Só não acolho a falta de densidade ontológica das ameijoas regadas, pois desde os tempos helénicos que a ambiência propícia dos banquetes conduz à construção de teorias e arquitecturas pensantes, mesmo que sejam babilónicas! EVOÉ às ameijoas com ou sem pato e a quem as evoca!

Rosa Matilde disse...

Talvez se tenha mais medo daquilo que se sabe... coitado do mundo que por fezes deambula estóico. Muitos de nós não sabemos descrever o medo, apenas aquele que pelo medo já passou, de contrário, não compreendemos a falta de alternativas quando se assiste à quietude, de fora, a ver o calhau de Sisífo, invisível.
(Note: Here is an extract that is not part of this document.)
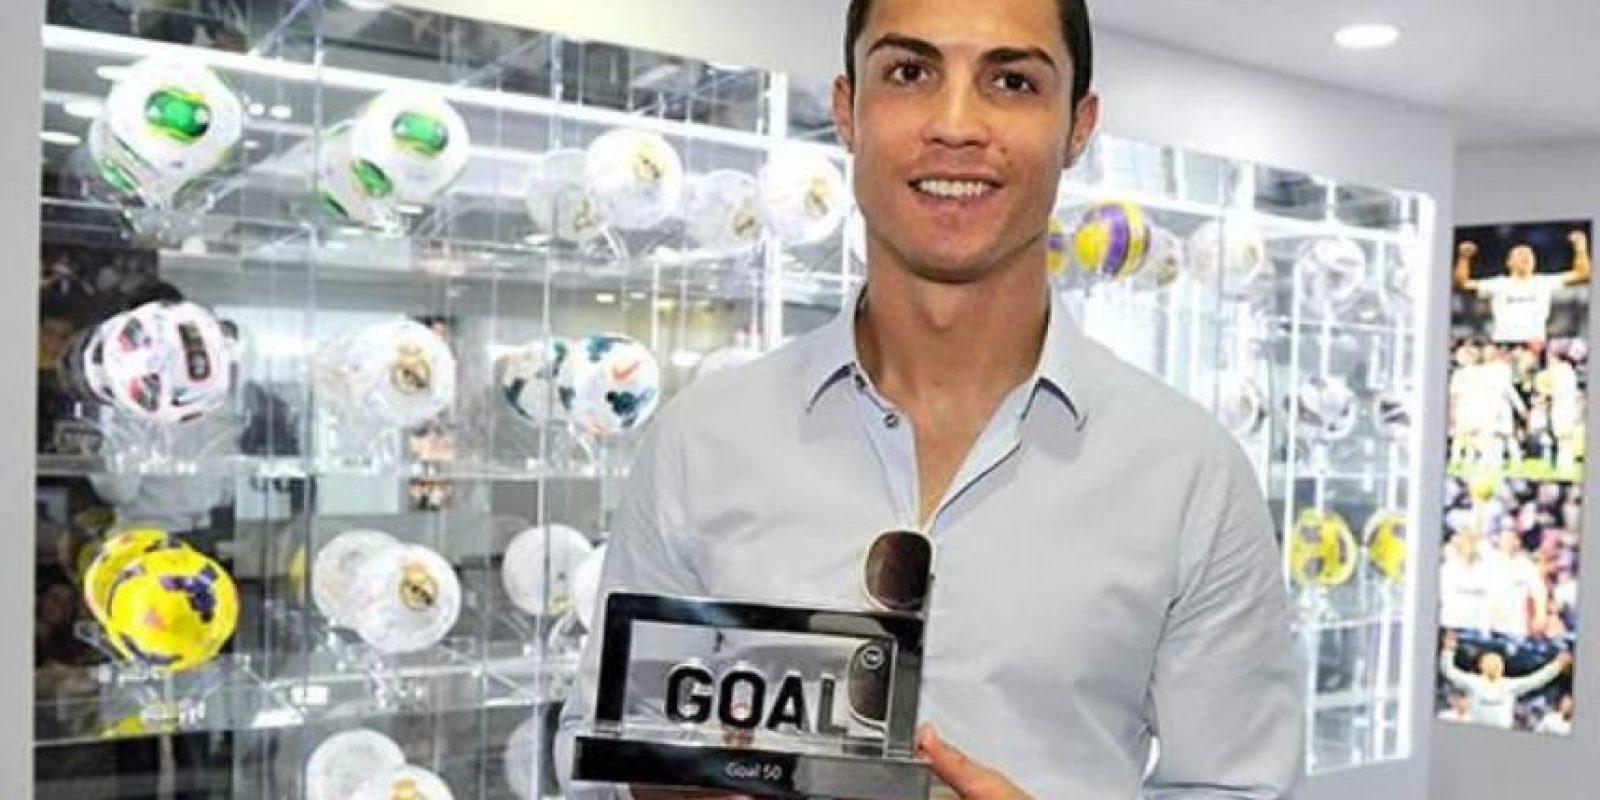 Cristiano Ronaldo con su trofeo Goal 50. Foto:twitter.com/GoalEspana

Guiomar Fernandes disse...

Ainda não sei o que é perder o medo. Portanto, ainda anseio perdê-lo. Logo continuo a concordar com o Sr. Presidente da Grande Depressão.
Ainda assim, a desmontagem da teoria é brilhante!
Parabéns!

Armindo S. disse...

Saravah às ameijoas regadas com birra fresca ainda que haja sempre, a seguir, a necessidade de almejar determinados objectivos.
Podem até ser chatas e deprimentes (não concordando, concedo) mas várias com um sentido de humor sempre bem afinadinho...
Quanto à abstinência de comentar, tal como responder aos temas - não sei se já repararam - ninguém aqui é obrigado, e, para além disso, a culpa não existe.Assim sendo, como poderia aceitar desculpas? Desta lavo já as minhas mãos. E não é porque tenha medo da gripe A.Venha lá a gripe B.Menos nefasta que uma dose de culpa.